I started the Atkin's Diet today in preparation for my surgery on November 19th. I'm hoping I can last on this diet until then!! LOL Without carbs and just protein with some veggies, it's going to be a rough road for 2 weeks. If I can just last, I'll get the lapband and won't have to worry about being hungry all the time. Right now, I'm starving and I've already had breakfast and lunch! Any suggestions on what I can eat on Atkins without ruining my carb count? I can't have more than 20 grams of carbs per day. :cursing:
I’m getting the lapband! I’ve struggled with my weight since I was 18 years old, after a broken bone in the ball of my foot kept me on crutches for 6 months. I’ve been able to get down to my ideal weight twice, and come within 1 dress size of my ideal weight 3 times, but have never been able to achieve permanent results. Recently, I began to worry that I would die young as a result of my weight because I had a couple of scares due to mild activity like climbing up the stairs at the theater and dancing one song. Both times, my heart-felt like it would jump out of my throat and I had an asthma attack. I’m not an asthmatic! Then a friend of mine told me about the lapband and said that her insurance covered it. She encouraged me to make an appointment with the True Results office and they would check into insurance coverage for me, with the first consultation being free. I figured I had nothing to lose, so I made the appointment. I was thrilled to discover that my insurance would cover it, but disappointed that I had a 3 month waiting period to qualify. A few days later, I received a phone call from the patient advocate who apologized because they got the wrong insurance information, but that my insurance did NOT have a waiting period and we could get started right away! October 11, 2010, I completed all my test requirements and a sleep study, so now it’s just waiting to hear back from the insurance company and if all goes well, I will have my surgery on November 19, 2010!! I’m so excited and ready to make a change, but I know I can’t do it without help this time and help with keeping the weight off once I’ve reached my goal. This is the singing, Kung Fu fighting, poker playing president and found of the Hispanic Network of Austin, signing off....
Today was a nerve-racking day! :smile2: I had some very back news today of someone who was once married into our family that committed suicide last night. It was so sad because this poor guy had no one who loved him. Even his own mother denied she was his mother and wasn't planning on burying him. I had to keep it together because I had my networking luncheon today called the Hispanic Network of Austin with 50 people coming to network. While I was setting up for the luncheon, I got more updates on my surgery with the location of the hotel that True Results is putting us up in because the surgery is in another city. I'm trying to write this down, set up, and NOT cry. I was nervous knots all day!! I felt off my game at the luncheon, but it was still a GREAT luncheon! One of my acquaintances, who's fast becoming a friend, was SO supportive and wants to meet with me before my surgery and visit me post-op. She had gastric bypass before the lapband was an option, so she understands me and what I'm about to go through. I'm so grateful for her and I hope I'll be able to count on her when I need encouragement. The surgery is next Friday and I'm so excited and so scared all at the same time. Is that normal? I don't know, but it's something I must do for myself and my health. My mother-in-law is so funny. She's visiting with us and not from this country. Where she comes from, there just aren't a lot of obese people, so she can't understand why I'm getting surgery. Why can't I just eat salad? LMAO!! :lol:If it was that simple, I would have done that by now! My husband's so supportive and I'm very fortunate in that sense. He has always taken such good care of me and has seen me through some difficult health situations. He curses me back to health, but I know he worries about each time I get sick. I'm hoping that my health will improve now and he won't have to worry so much.

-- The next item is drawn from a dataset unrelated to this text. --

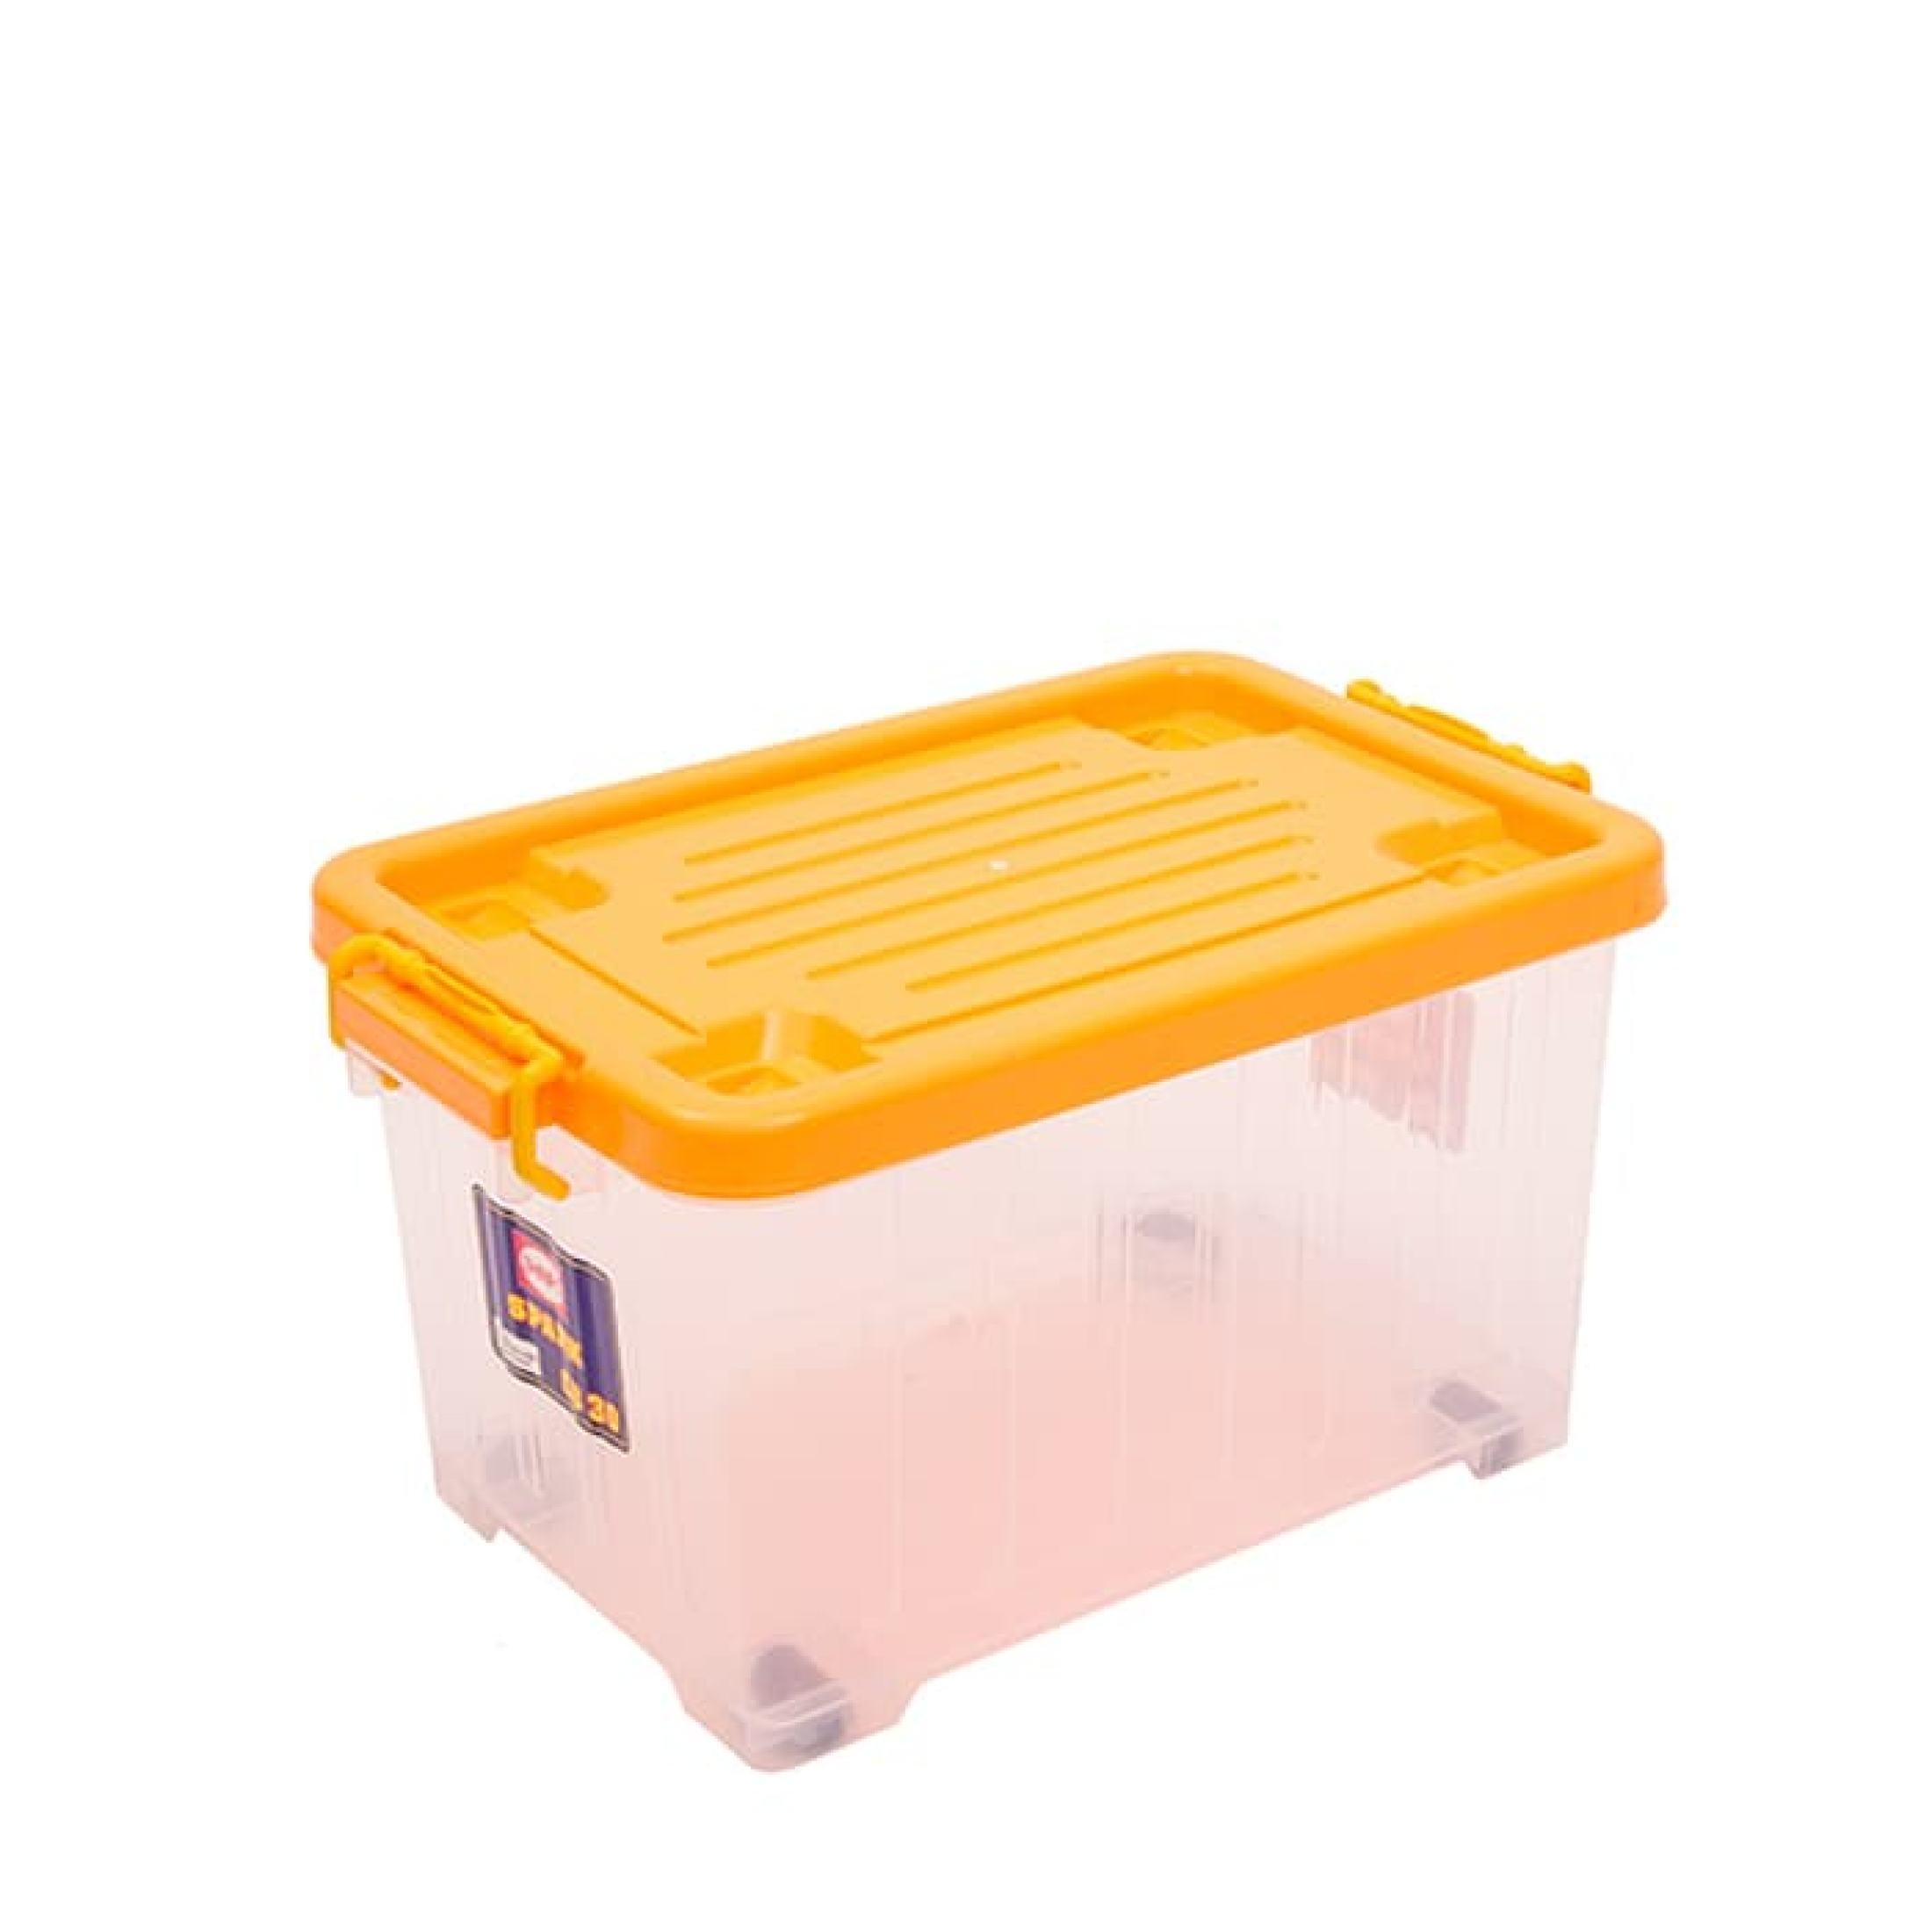 1oxsn6pdwvvrem Harga box container plastik
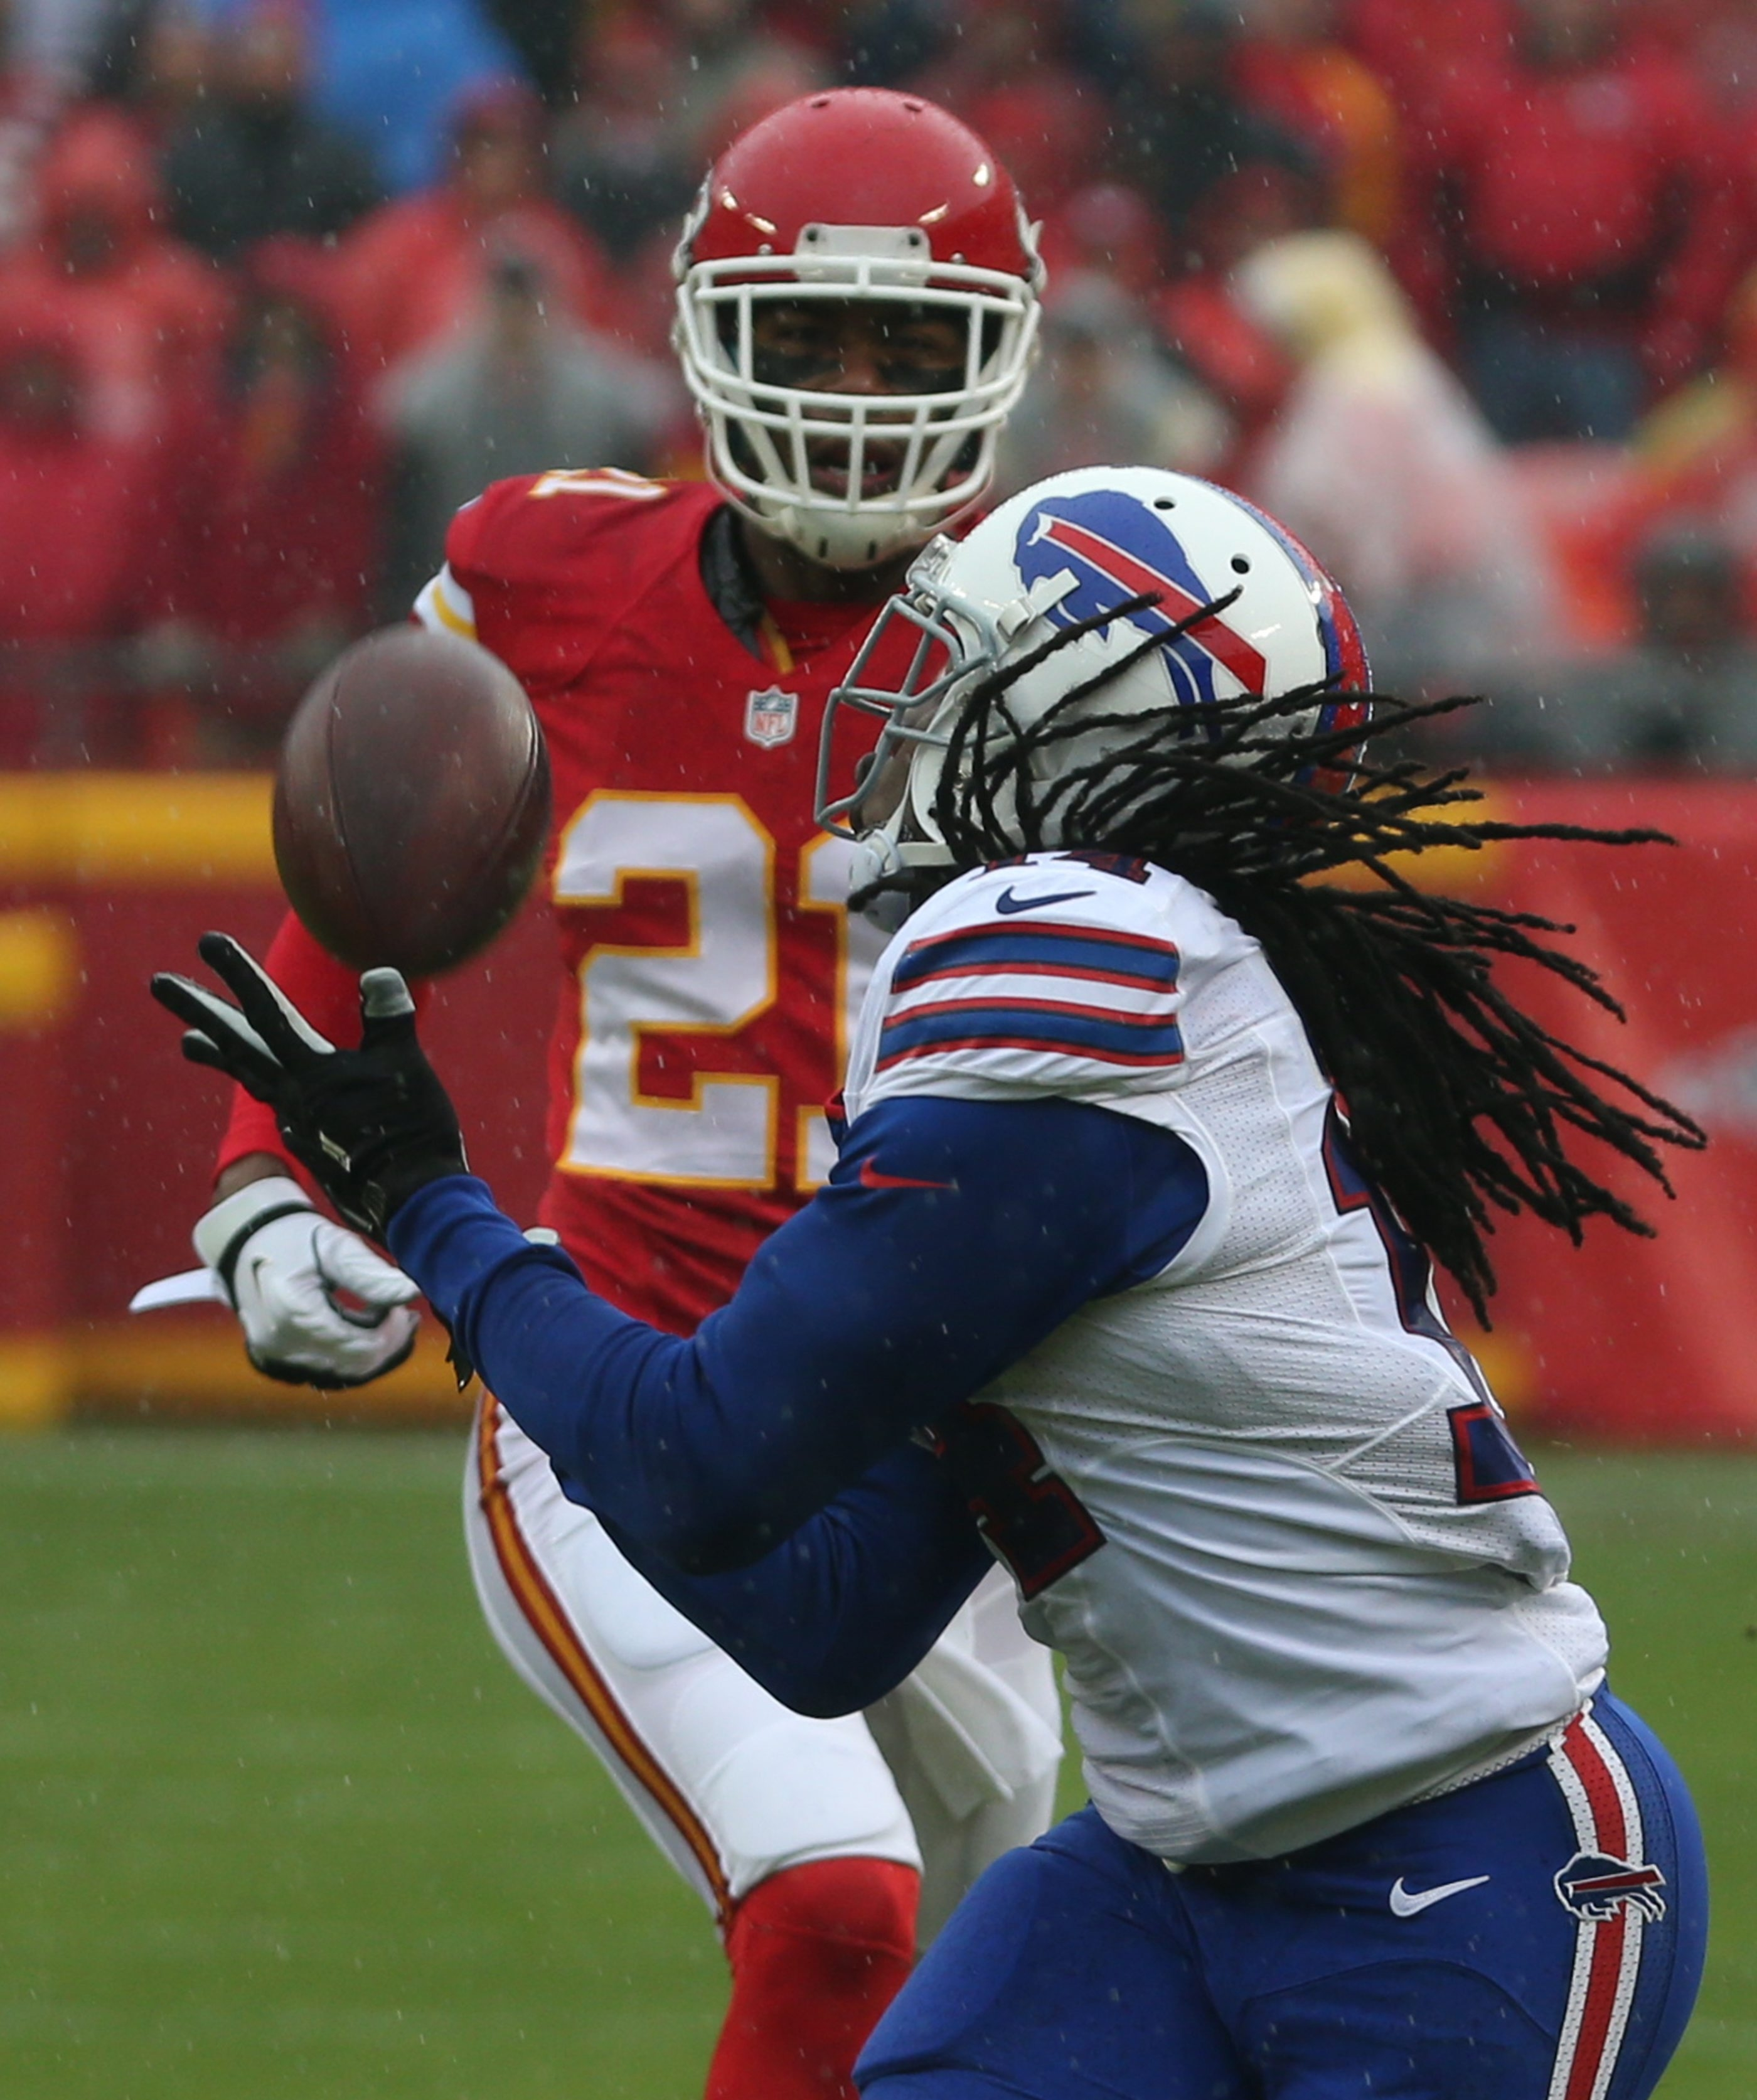 Bills receiver Sammy Watkins beats Chiefs cornerback Sean Smith in the first quarter. Watkins had 158 yards receiving in the first half, but no catches in the second half.

I had my sleep study done and I have sleep apnea. Great! I didn’t believe it and thought the kids doing the study were just way to young to perform this properly! They kept waking me up and I don’t feel I slept as much as they claim because the electrodes on my head were coming off and they had to keep coming in to squeeze them back on and then replace them altogether, so to say I slept 5.7 or the 6 hours I was there is WAY off! The bad thing is that I have to go back again tonight for another sleep study, this time with a mask on my face. Then I have to get a prescription and go pick one up or they won’t do my surgery without it. This really sucks because I have no intention of using it and it will most likely correct itself anyway with the weight loss. But, I have to do it for now to get the band. My husband says he’s never heard anything to alert him during the night and he’s had times where he couldn’t sleep and was up while I slept and not a peep!
I got approved for my lapband procedure over the weekend and it’s set for November 19th. Unfortunately, I have to travel 2 hours to San Antonio for the surgery, but they’re putting me up in a hotel the night before. It’s the drive back after surgery I’m concerned with. I hope we make it back without a hitch and I wish they had told me this upfront.
I’m nervous and excited, but it really has to be done. I clearly cannot lose the weight on my own. I made a bucket list of food and have been checking them off as I eat them because I’m not going to be eating those foods again, by choice! The band will help, but it won’t do all the work for me. I’ve resigned myself to the fact that this is a lifetime committment and I have to be in it to win it!